# Next let's talk about monitors



## Ultimateherts (Nov 13, 2006)

Next let's talk about monitors. There are two basic types of monitors made for CAR PC's. Two of the key characteristics are Depth and Brightness. Neither are really an issue and both offer adequate results. 

*MONITOR TYPES:*

LCD

LCD stands for Liquid Crystal Display.

Liquid Crystals are used to make the picture

Shallow depth 

Good brightness

Energy Efficient

LED

LED stands for Light Emitting Diode

LED use thousands of small LED lights to make the picture (red, blue, white, green)

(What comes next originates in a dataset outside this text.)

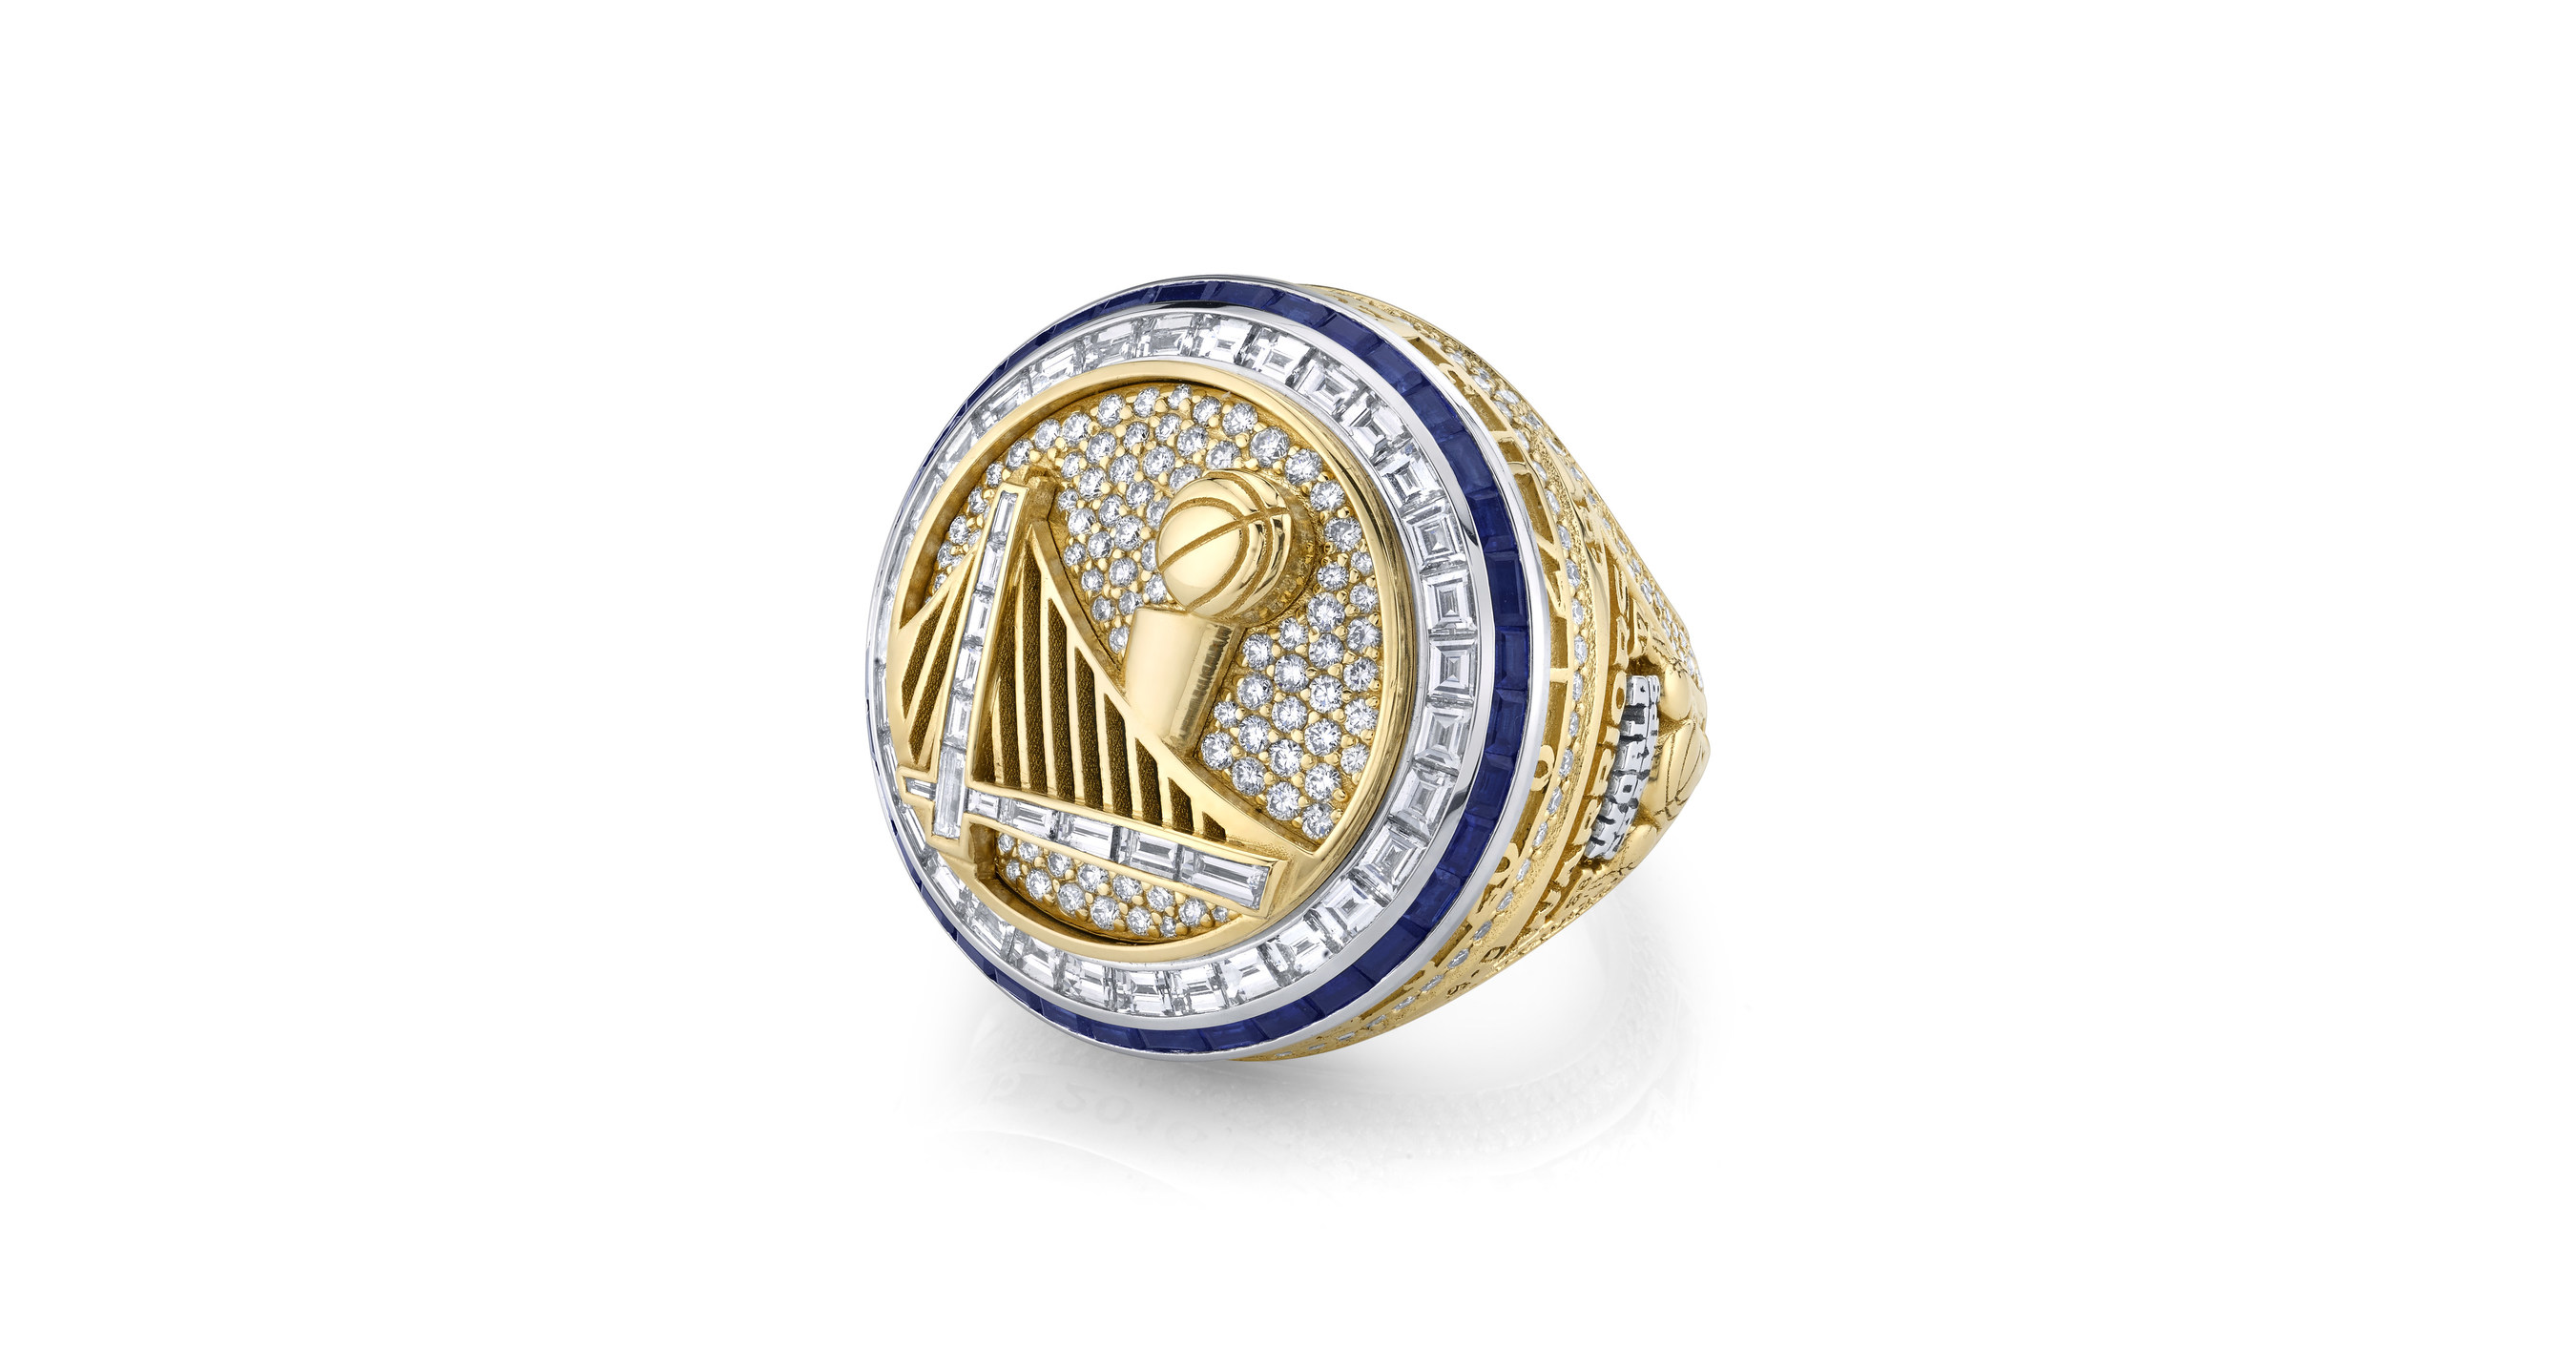 2018 NBA Championship Rings, Presented by Jason of Beverly Hills Photo  Gallery
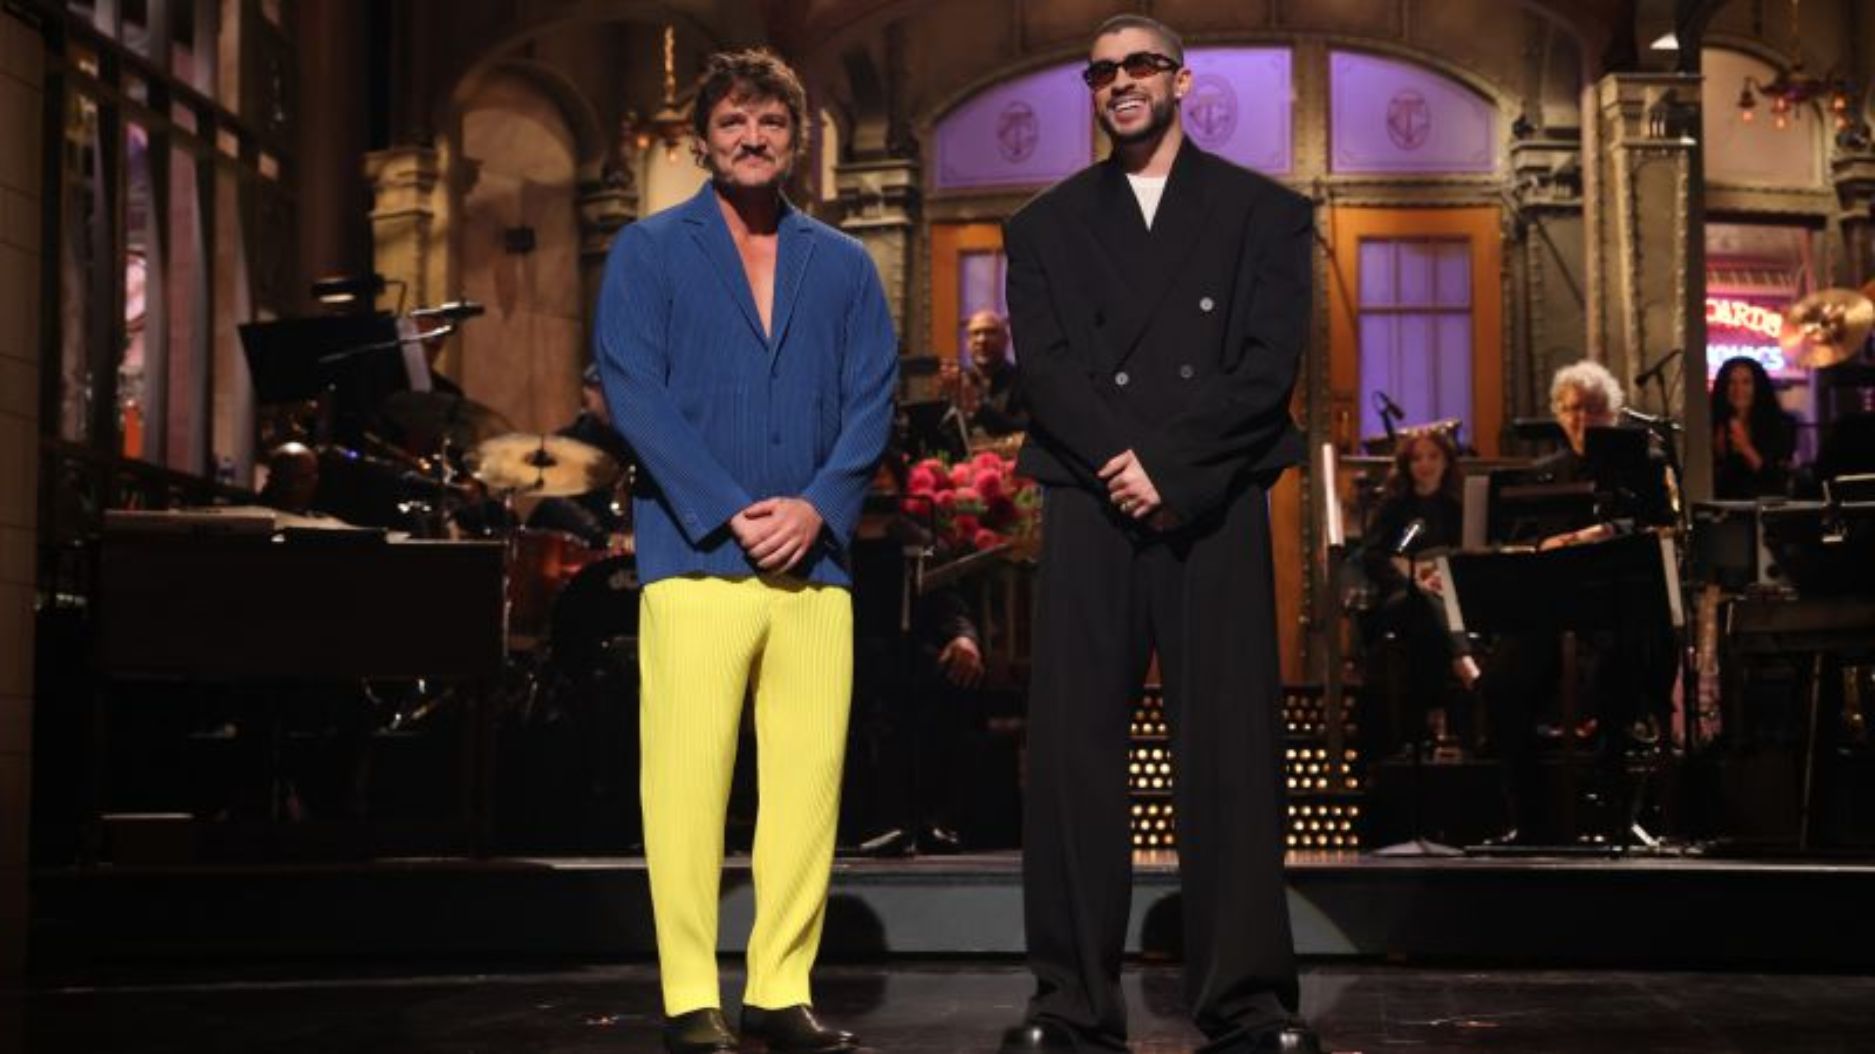 Pedro Pascal appeared on “SNL” to help with Bad Bunny’s monologue

Often confused because of technology

LCD LED BACKLIGHT and LED

Shallower depth than LCD

Greater brightness due to the led technology

Uses less energy than LCD due to the LED technology


----------



## Freedom First (May 17, 2010)

Ultimateherts said:


> Next let's talk about monitors. There are two basic types of monitors made for CAR PC's. Two of the key characteristics are Depth and Brightness. Neither are really an issue and both offer adequate results.
> 
> *MONITOR TYPES:*
> 
> ...



This information is not accurate. LED is still LCD... the only thing that is different between the monitors is the method of backlighting. There are _not_ "thousands of small LED lights" making up the picture, it's still an LCD panel that makes the image. The LED backlighting helps to lower power consumption (consequently heat output) and improve black levels and color gamut.


----------



## Ultimateherts (Nov 13, 2006)

Freedom First said:


> This information is not accurate. LED is still LCD... the only thing that is different between the monitors is the method of backlighting. There are _not_ "thousands of small LED lights" making up the picture, it's still an LCD panel that makes the image. The LED backlighting helps to lower power consumption (consequently heat output) and improve black levels and color gamut.



Yes you are correct, but it still offers greater efficientcy


----------



## Freedom First (May 17, 2010)

Ultimateherts said:


> Yes you are correct, but it still offers greater efficientcy


No argument there!


----------



## its_bacon12 (Aug 16, 2007)

OLED is the one we are all waiting for en masse


----------